PROBLEM STATEMENT:
Wherever a picture appears, skip it and retype the rest of the data exactly.

SUPPLIED MATERIAL:

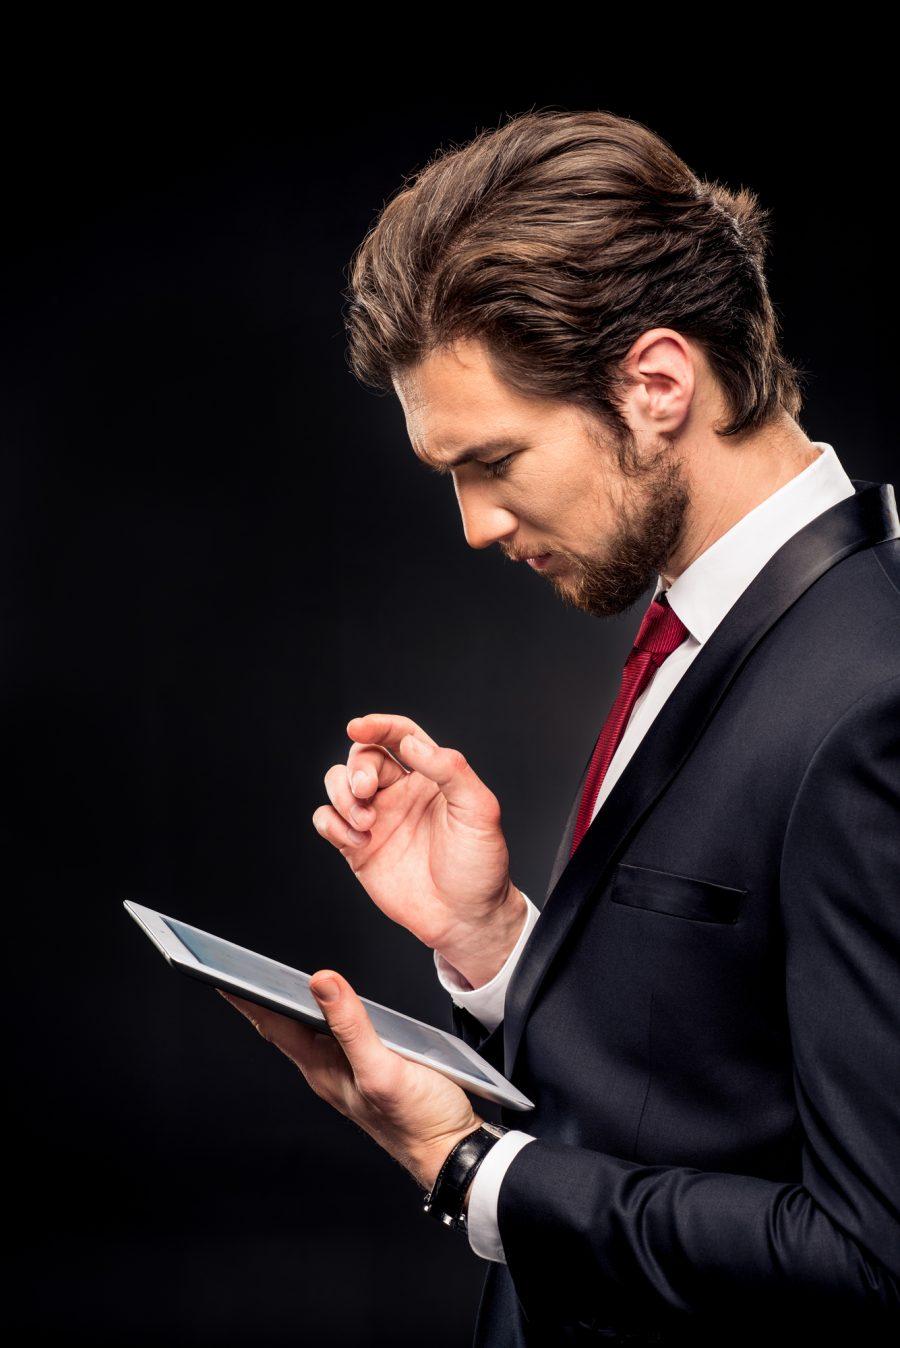 Business Man Tablet Suit
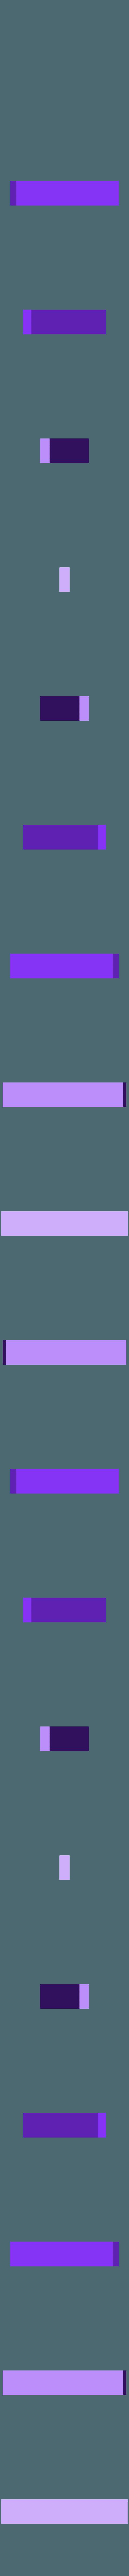 front_unit_prop.stl Télécharger fichier STL gratuit Ghostbuster Ghostbuster Ghosttrap • Modèle pour impression 3D, SLIDES
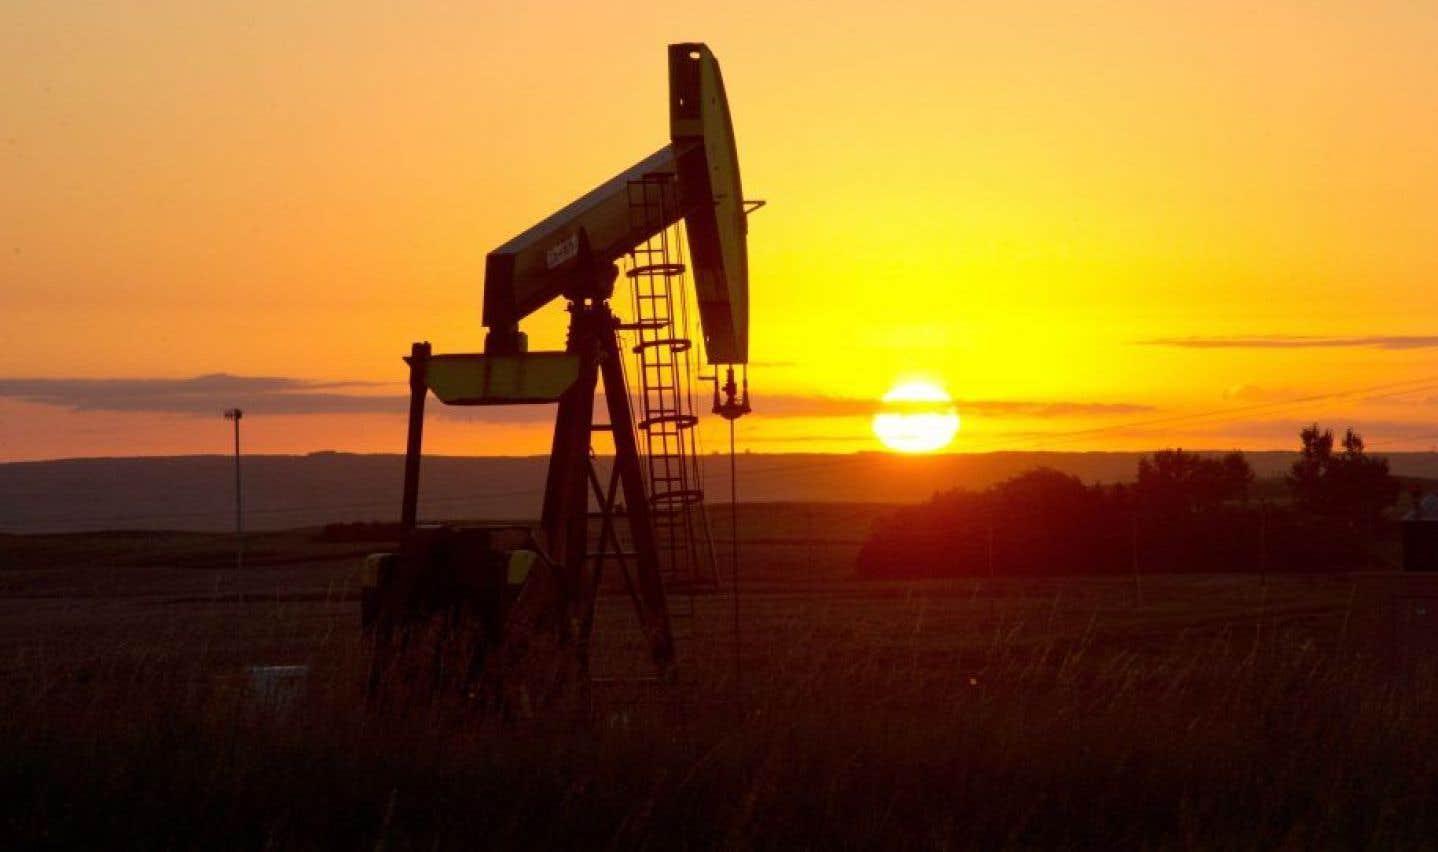 Les subventions canadiennes aux énergies fossiles ont atteint 3,3milliards en 2015

RESULT OF THIS EXERCISE:
 Business Man Tablet Suit
 front_unit_prop.stl Télécharger fichier STL gratuit Ghostbuster Ghostbuster Ghosttrap • Modèle pour impression 3D, SLIDES
 Les subventions canadiennes aux énergies fossiles ont atteint 3,3milliards en 2015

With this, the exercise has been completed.